# 1970's Clay carpet pad removal



## DeerManager (Oct 4, 2006)

I removed the nasty carpet in my soon to be baby boy's nursery and saw the lovely site of clay padding stuck to the hardwood undermeath, YAY! I removed some a year ago and it took literally days of scraping (being careful not to mar the hardwood) and then using a solvent remover, but it stunk and had a bunch of chemicals in it, with my wife being so pregnant i don't want to use harsh chemicals if i don't have to, please help me out here and save me from a few days of hands and knees scraping!

If this isn't done asap i "can't" go for the small game opener to my property!!!!!!
thakns in advance fellas, Jay


----------



## ih772 (Jan 28, 2003)

It might be easier to sand and refinish the floor.


----------



## ArrowFlinger (Sep 18, 2000)

Yet another example of how stupid people were in the 70's. I'm surprized it wasn't a shag carpet you were pulling up. Lucky that is a small room, so it shouldn't take you too long. My first house had rooms that size and I refinished the floors. That was a lot of work. The houses built in the 50's have some of the nices hardwood floors.

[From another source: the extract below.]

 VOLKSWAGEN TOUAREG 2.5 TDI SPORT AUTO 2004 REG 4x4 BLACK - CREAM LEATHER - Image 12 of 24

It's a shame the all are covered up with carpet now.


----------



## Wendy (Oct 6, 2008)

Check with a floor expert first, but what about a floor buffer with a coarse pad?


----------



## DeerManager (Oct 4, 2006)

Yeah this house was built in the 60's and has beautiful hardwood underneath all the nasty carpet and PAD, i cleaned it off one room floor like i mentioned, but i don't have the cash to refinish the floor, unless someone knows a hardwood floor guy that wants to trade service for a 650lb electric chain hoist for their garage that is valued at $1200!

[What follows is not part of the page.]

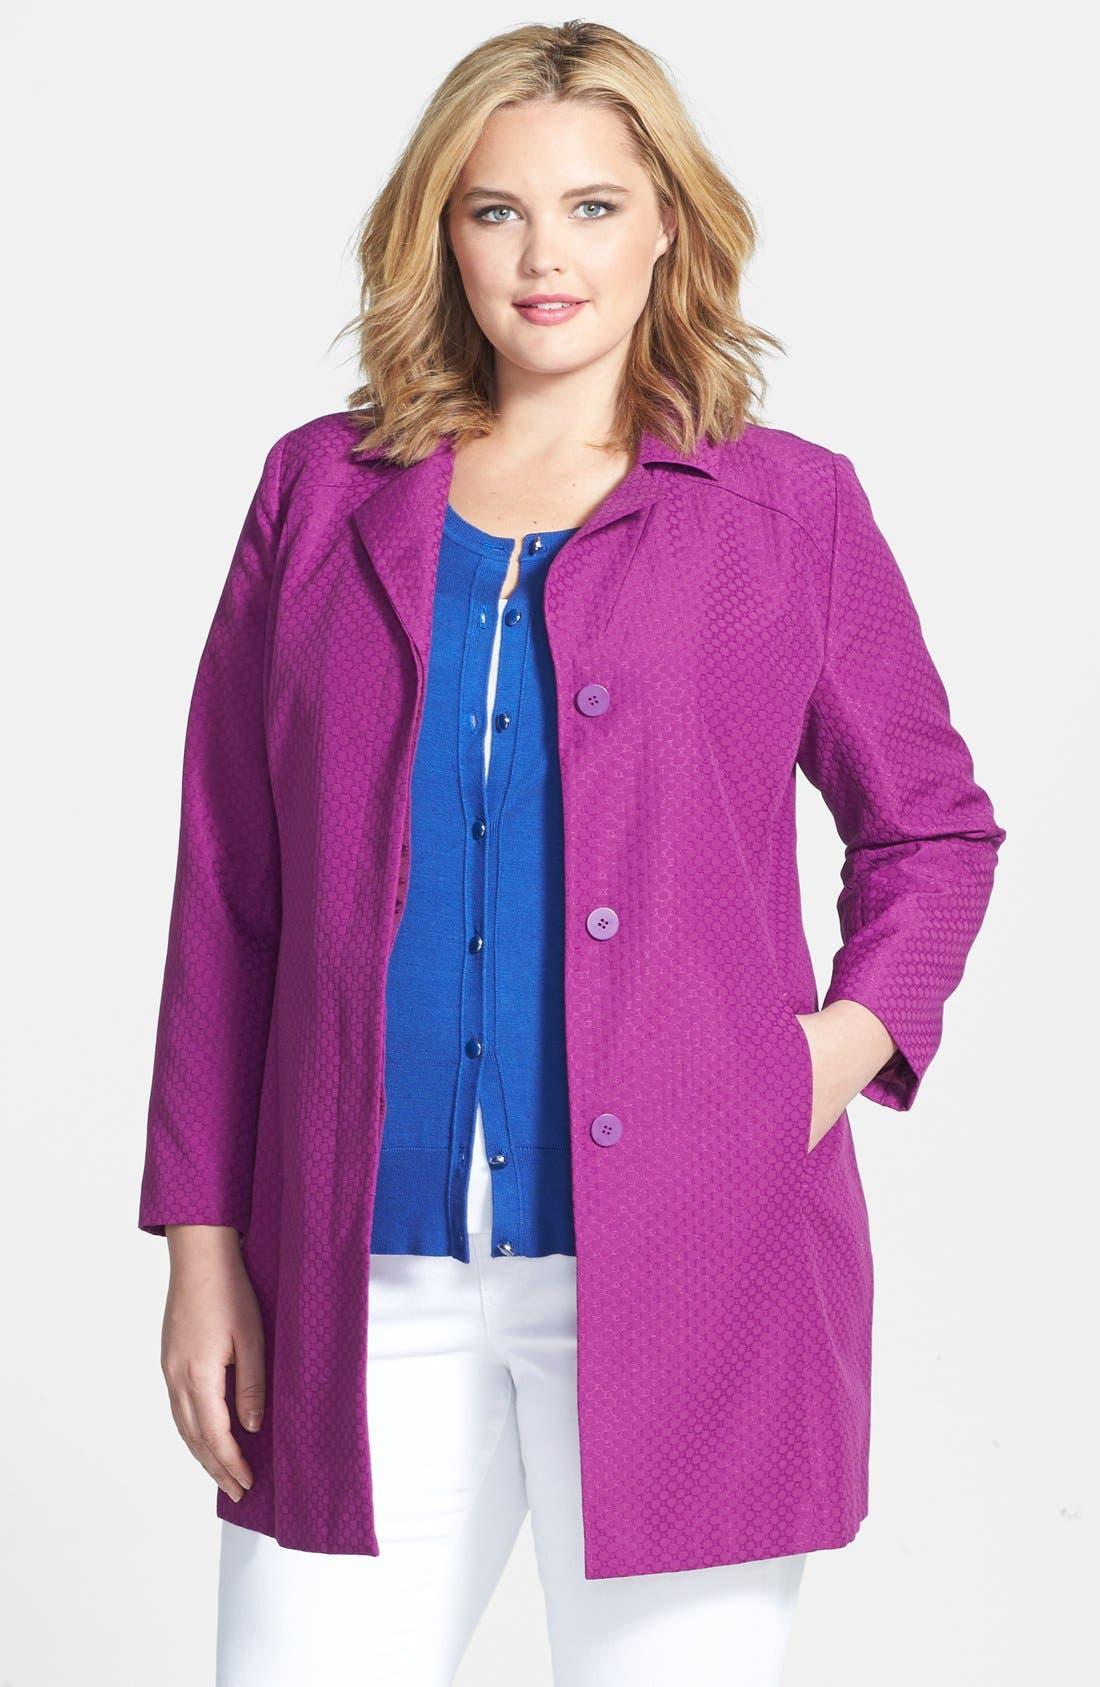 Alternate Image 1 Selected - Sejour Jacquard Topper Jacket (Plus Size)

With baby Joshua on the way the budget is TIGHT!


----------



## DeerManager (Oct 4, 2006)

oh the fun, updates soon.................


----------



## cityboy2977 (Jul 27, 2009)

DeerManager, refinishing a floor isnt really that hard. patience when sanding is the most important advice i can give. look it up on line and maybe you can have a DIY project.
all the tools can be rented.
and for getting up the left over padding glue....try Goo-Gone. and this may sound really stupid to some people...but if you do small areas, Zippo fluid works great on any glue or sticky stuff.


----------



## jiggineyes (Feb 19, 2005)

Buy a floor scraper from HD for $10 bucks so you are not on your hands and knees. Then rent a floor sander for a day and do a clear coat. The floor sander will allow you to go at it with the scraper. Get most off with the scraper then let the sander take care of the rest. Im sure you could DIY for $50 or so. $10 for scraper/$20 or so to rent the sander and $10-20 in stain.


----------



## jiggineyes (Feb 19, 2005)

There isnt glue, right? Just stuck from being walked on all these years?


----------



## ahoude23 (Aug 18, 2008)

Not too bad of a job to refinish yourself. I did a few rooms at my old house, maybe a couple hundred bucks and few days out of the house to put 3-4 coats of poly on. Don't want to be in the house when doing it (esp. with preg wife). 

Andy


----------



## DeerManager (Oct 4, 2006)

mostly done, thanks for the info guys. I used a goo gone and some other stuff i found and cleaned it all off and then wiped the floor down with almond oil and it looks great!


----------



## cjric (Oct 30, 2004)

for future reference, a soft to medium scotchbrite pad and Murphys oil soap does wonders. Put the pad on a pole sander and you will be able to do the job standing up. Use the Murphys straight and clean up w/ a wet terry cloth rag.


----------